Not saying it is better or worse, but the way I perpersonally prefer is to design in chat, to make sure all unknown unknown are addressed

szundi · 2026-04-24T05:12:49 1777007569

I don’t know what people are doing but Minimax produced 16 bugreports which of 15 was false positives (literally a mistake).

In contrast ChatGPT 5.3 and also Opus has a 90% rate at least on this same project. (Embedded)

All other tests were the same. What are you doing with these models?

sandGorgon · 2026-04-24T05:52:35 1777009955

actually this is not the reason - the harness is significantly better. There is no comparable harness to Claude Code with skills, etc.

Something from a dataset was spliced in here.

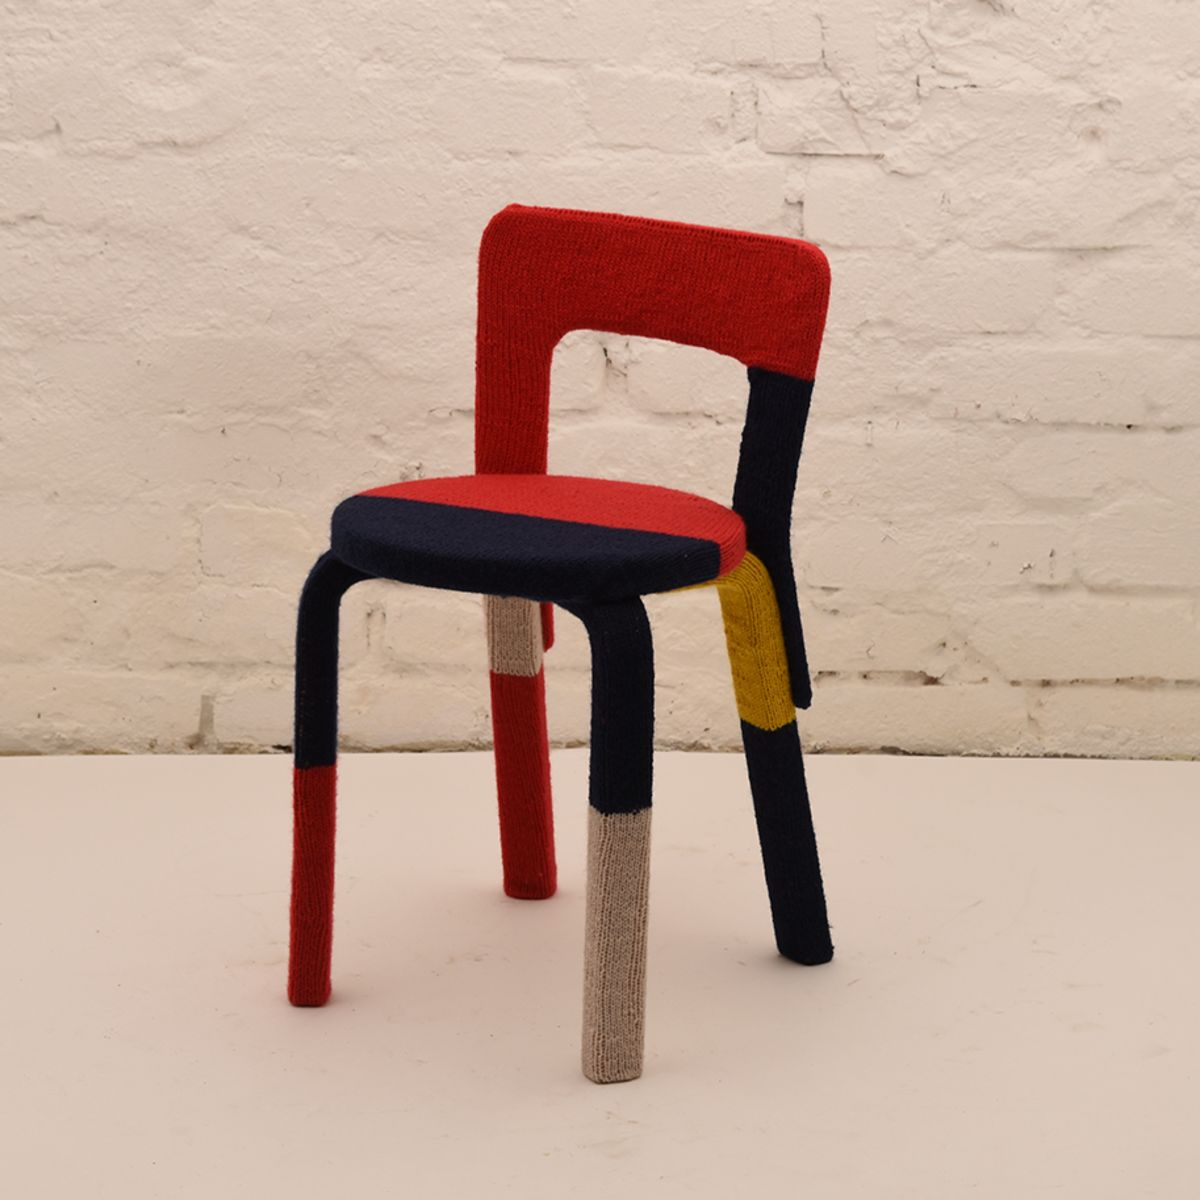 Alvar-Aalto-Eija-Zweygberg_Wool-Covered-65-Chair_A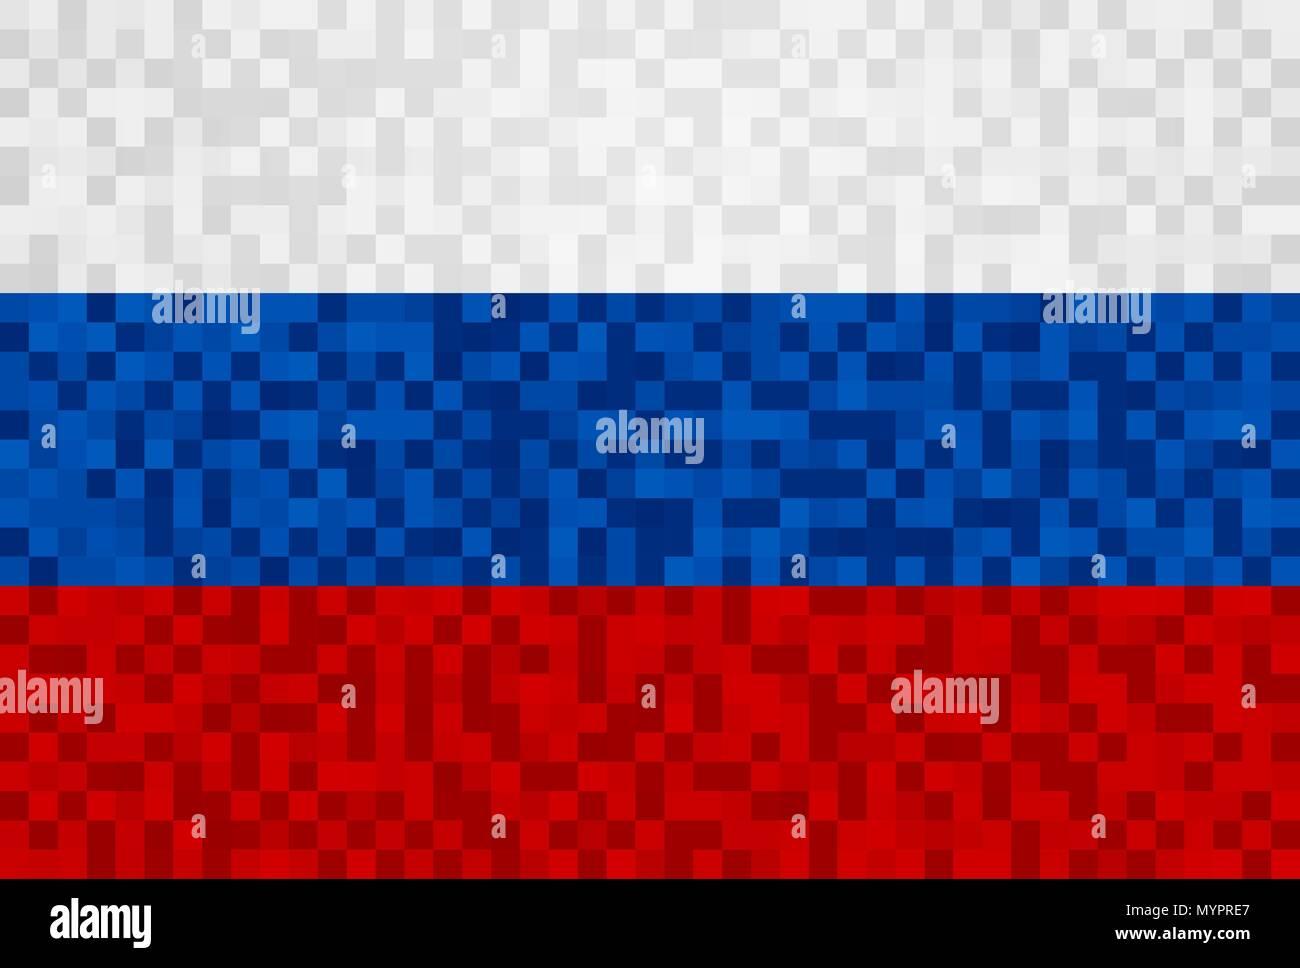 pixel art photos  u0026 pixel art images - page 9

Opencode was getting there, but it seems the founders lost interest. Pi could be it, but its very focused on OpenClaw. Even Codex cli doesnt have all of it.

which harness works well with Deepseek v4 ?

darkwater · 2026-04-24T06:09:41 1777010981

What's the issue with OC? I tried it a bit over 2 months ago, when I was still on Claude API, and it actually liked more that CC (i.e. the right sidebar with the plan and a tendency at asking less "security" questions that CC). Why is it so bad nowadays?